Generalstreik für die Geiseln

von Redaktion

„Wir lassen sie nicht im Stich“: Angehörige, Freunde und Unterstützer der Hamas-Geiseln nehmen an einem Protest auf der Küstenstraße außerhalb des Kibbuz Yakum teil. © Ilia Yefimovich/dpa

Tel Aviv/Gaza – Der Schmerz treibt die Menschen auf die Straße, und die Wut: Nach dem Fund der Leichen von sechs Geiseln im Gazastreifen hat sich in Israel der Druck auf die Regierung massiv verstärkt. Ein großer Streik und die größten Massenproteste in Tel Aviv seit Kriegsbeginn sollten Regierungschef Benjamin Netanjahu dazu bewegen, einen Deal mit der islamistischen Hamas einzugehen. Ziel: die Freilassung der verbliebenen Geiseln.

Die Angehörigen der Entführten fordern das seit Monaten. Doch so kraftvoll wie in den vergangenen zwei Tagen tönte die Forderung bisher nicht durchs Land. Schon am Sonntagabend gingen die Menschen in Tel Aviv auf die Straßen – laut den Organisatoren waren es rund 300 000, landesweit eine halbe Million. „Wir werden sie nicht im Stich lassen“, skandierten sie mit Blick auf das Schicksal der verbliebenen 101 Geiseln. Sie marschierten mit blau-weißen Nationalflaggen auf zentralen Straßen der Stadt. Auf einer Bühne waren symbolisch die Särge der sechs getöteten Geiseln aufgebahrt. Stellenweise kam es zu Ausschreitungen.

Für Montag rief dann der einflussreiche Gewerkschaftsdachverband Histadrut zum Generalstreik auf. „Wir können nicht weiter zuschauen“, sagte Gewerkschaftsboss Arnon Bar David. „Wir müssen einen Deal abschließen, ein Deal ist wichtiger als alles andere.“ Die Beschäftigten vieler Organisationen und Behörden schlossen sich an, auch viele Städte und Gemeinden. Zwar beendete ein Arbeitsgericht den Generalstreik vorzeitig – aber das Signal kam an.

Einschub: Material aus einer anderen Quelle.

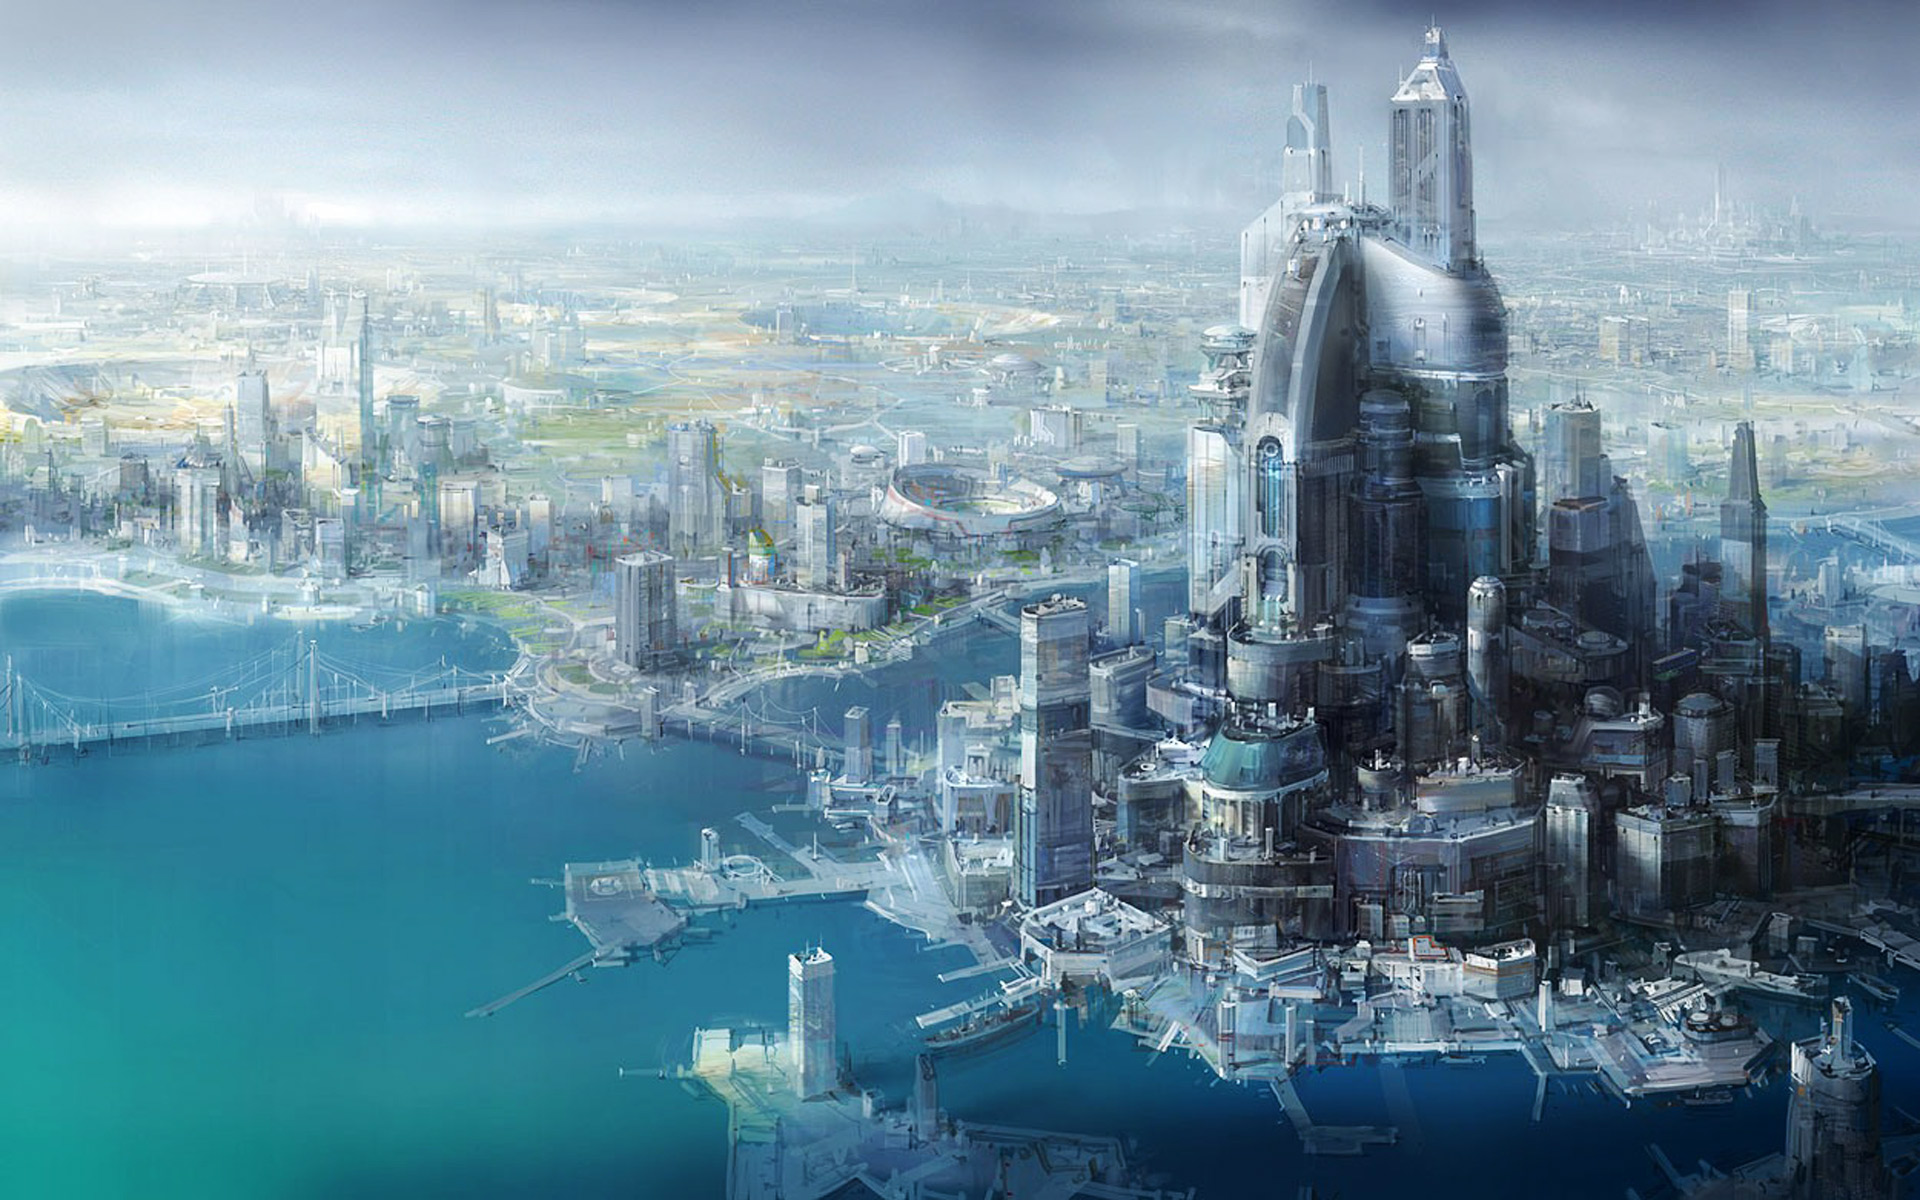 futuristic city, building, futuristic, sci fi, city, blue, cityscape, dock, fantasy, metropolis, ocean, skyscraper, star wars, water
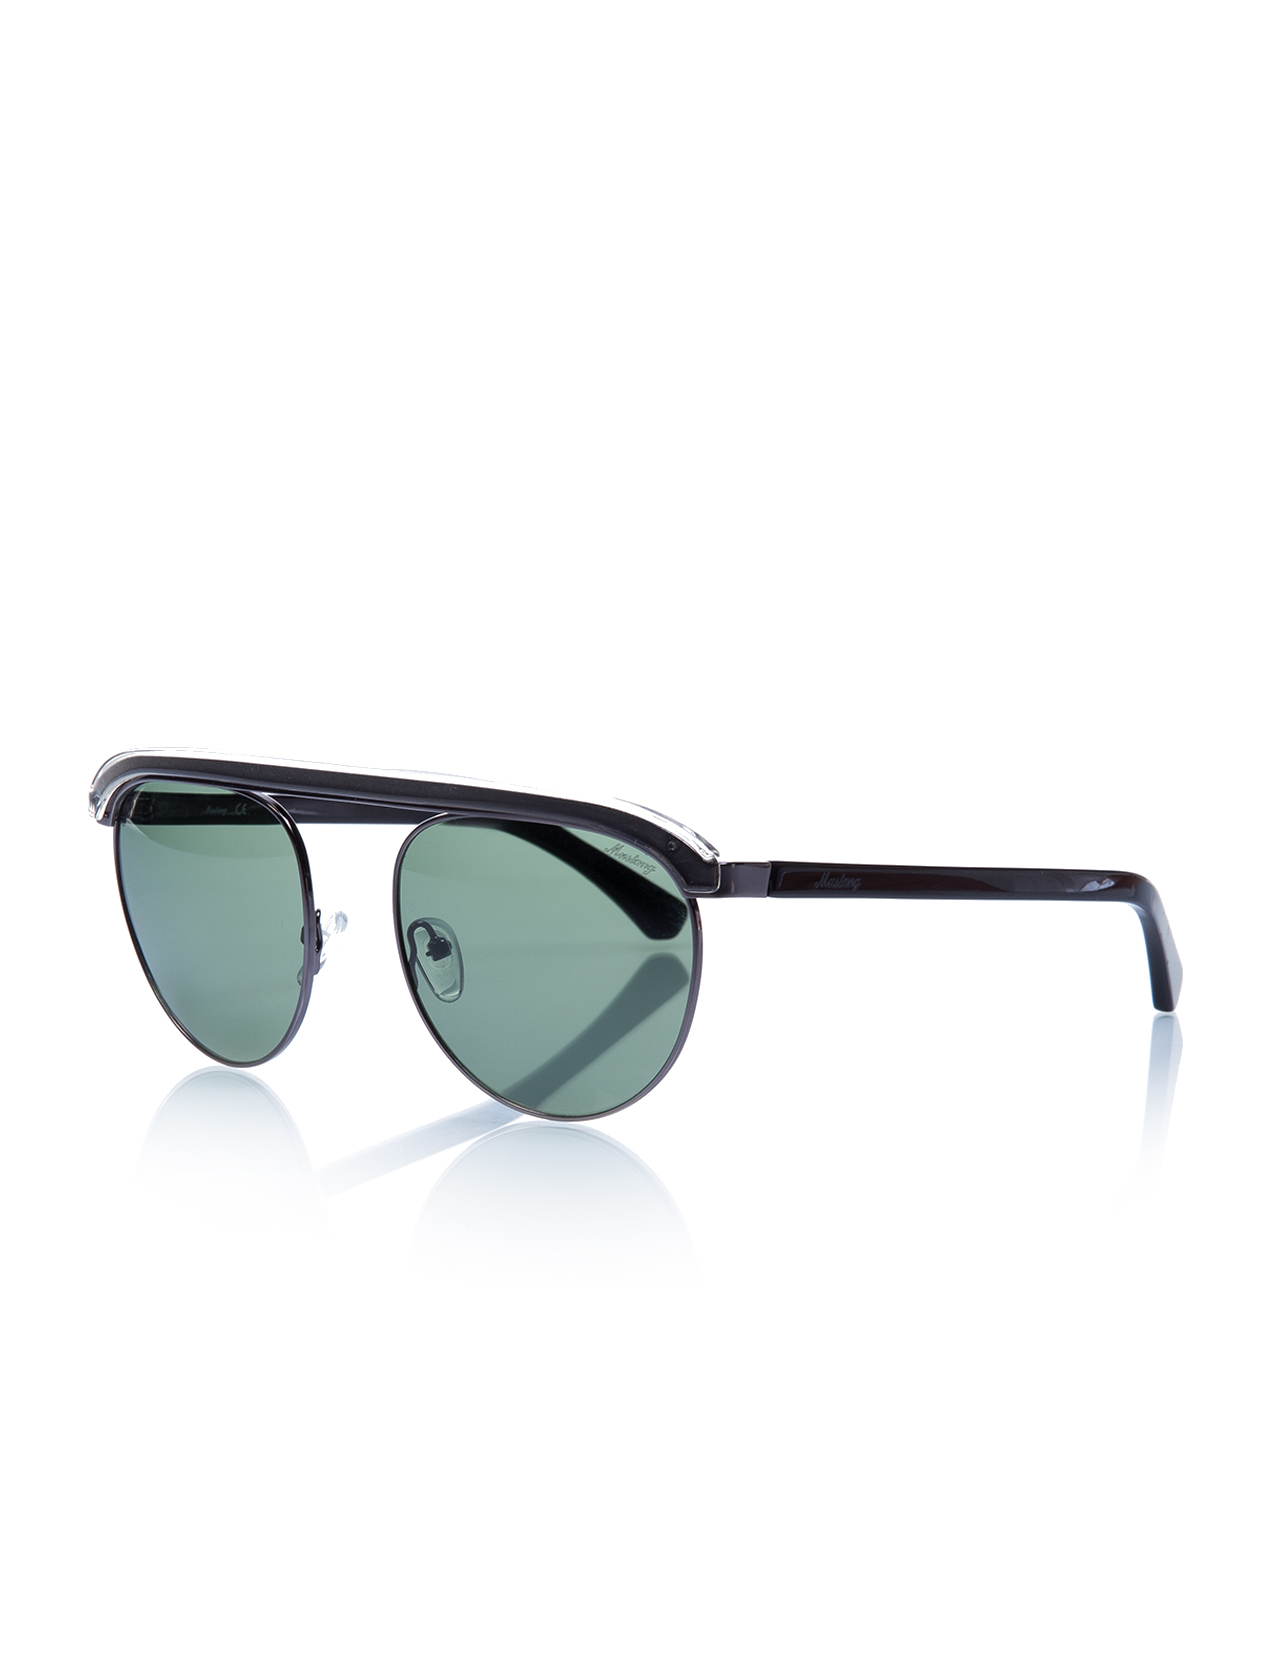 Unisex New Design Sunglasses

Hintergrund der neu entfachten Wut ist der Schock, der Israel am Sonntagmorgen heimsuchte. Da gab die Armee bekannt, dass die Leichen von sechs Geiseln in einem Tunnel im südlichen Gazastreifen gefunden wurden – sie wurden offenbar kurz zuvor von ihren Entführern erschossen. Die Demonstranten geben der Regierung um Ministerpräsident Benjamin Netanjahu eine Mitschuld daran. Denn die Verhandlungen über eine Freilassung der Geiseln laufen seit Monaten schleppend.

Am Montagabend rang sich Netanjahu zumindest zu einer Geste durch und bat die Angehörigen der Toten um Vergebung. „Ich bitte Sie um Vergebung, sie nicht lebend zurückgebracht zu haben“, sagte er bei einer im Fernsehen übertragenen Pressekonferenz. „Wir waren nah dran, aber es ist uns nicht gelungen.“

Zugleich drohte er aber mit Vergeltung. „Die Hamas wird einen hohen Preis dafür zahlen.“ Bei den Verhandlungen über eine Waffenruhe will Netanjahu wohl nicht nachgeben. Israel müsse über das Gebiet an der Grenze zwischen dem Gazastreifen und Ägypten die Kontrolle behalten, sagte er. Dadurch werde sichergestellt, dass die verbliebenen Geiseln „nicht aus dem Gazastreifen herausgeschmuggelt werden“.

Israels Rückzug aus dem sogenannten Philadelphi-Korridor gehört zu den zentralen Streitpunkten bei den Verhandlungen, die nicht nur eine Waffenruhe in dem Palästinensergebiet, sondern auch die Freilassung aller verbliebenen aus Israel in den Gazastreifen verschleppten Geiseln zum Ziel haben. Die USA dringen gemeinsam mit den anderen beiden Vermittlern Ägypten und Katar seit Monaten darauf. US-Präsident Joe Biden warf Netanjahu gestern in Washington vor, nicht genug für einen Deal zu tun.

Israels Präsident Izchak Herzog bat die Angehörigen der getöteten Geisel Hersh Goldberg-Polin um Vergebung, „dass es uns nicht gelungen ist, euren Hersh lebendig zurückzubringen“. In seiner Trauerrede auf der Beerdigung des 23-Jährigen sagte er, man müsse nun „die retten, die noch gerettet werden können“.